The Hardware DesignKismet is an expressive robotic creature with perceptual and motor modalities tailored to natural human communication channels. To facilitate a natural infant-caretaker interaction, the robot is equipped with visual, auditory, and proprioceptive sensory inputs. The motor outputs include vocalizations, facial expressions, and motor capabilities to adjust the gaze direction of the eyes and the orientation of the head. Note that these motor systems serve to steer the visual and auditory sensors to the source of the stimulus and can also be used to display communicative cues.
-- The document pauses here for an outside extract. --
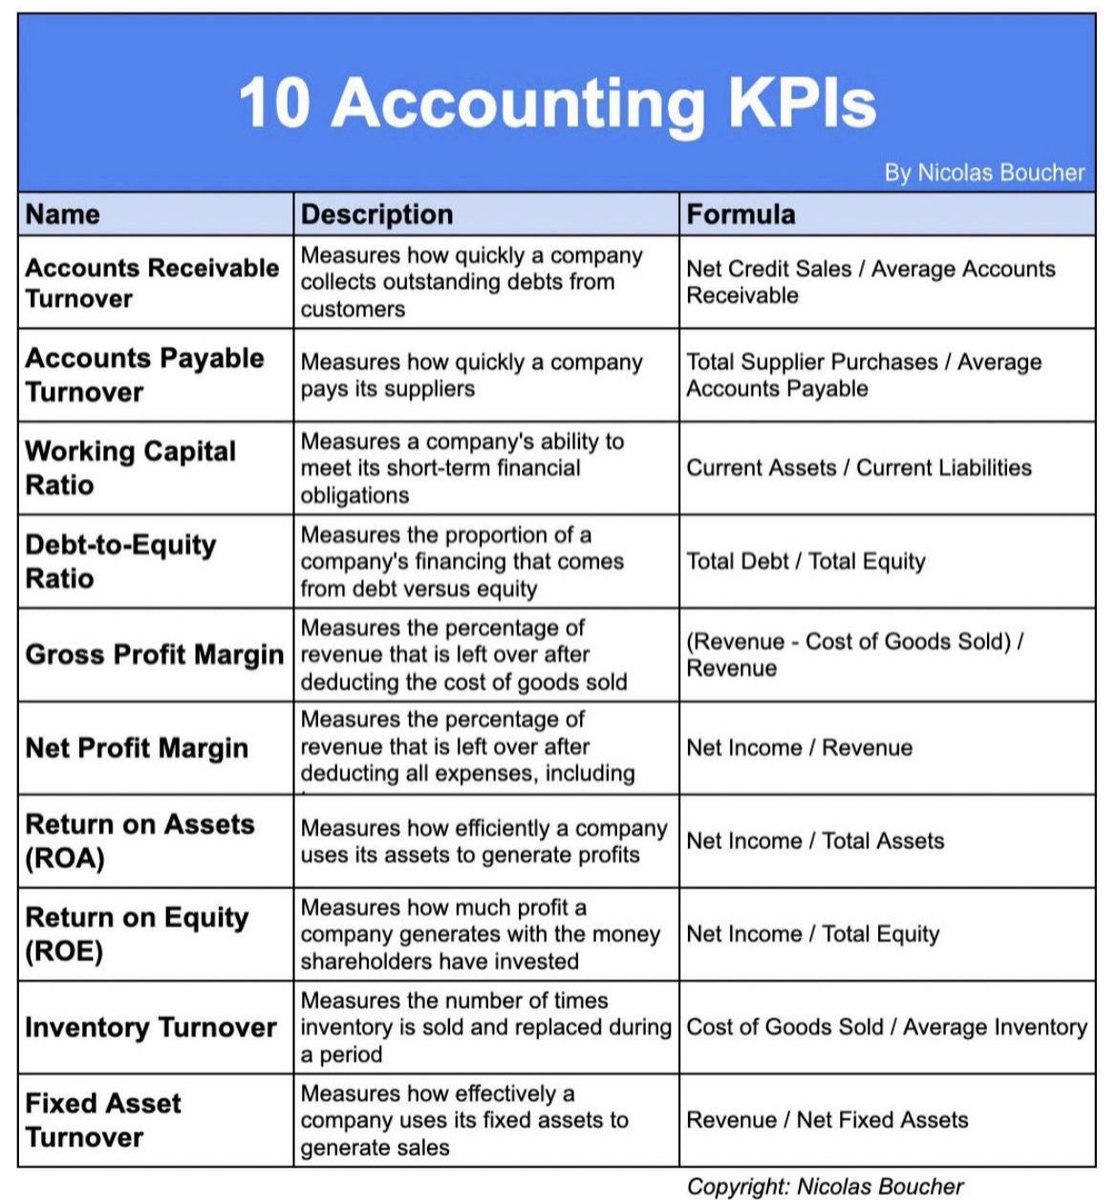 10 Accounting KPIs you must know

Our hardware and software control architectures have been designed to meet the challenge of real-time processing of visual signals (approaching 30 Hz) and auditory signals (8 kHz sample rate and frame windows of 10 ms) with minimal latencies (less than 500 ms). The high-level perception system, the motivation system, the behavior system, the motor skill system, and the face motor system execute on four Motorola 68332 microprocessors running L, a multi-threaded Lisp developed in our lab. Vision processing, visual attention and eye/neck control is performed by nine networked 400 MHz PCs running QNX (a real-time Unix operating system). Expressive speech synthesis and vocal affective intent recognition runs on a dual 450 MHz PC running NT, and the speech recognition system runs on a 500 MHz PC running Linux.
Vision SystemThe robot's vision system consists of four color CCD cameras mounted on a stereo active vision head. Two wide field of view (fov) cameras are mounted centrally and move with respect to the head. These are 0.25 inch CCD lipstick cameras with 2.2 mm lenses manufactured by Elmo Corporation. They are used to decide what the robot should pay attention to, and to compute a distance estimate. There is also a camera mounted within the pupil of each eye. These are 0.5 inch CCD foveal cameras with an 8 mm focal length lenses, and are used for higher resolution post-attentional processing, such as eye detection.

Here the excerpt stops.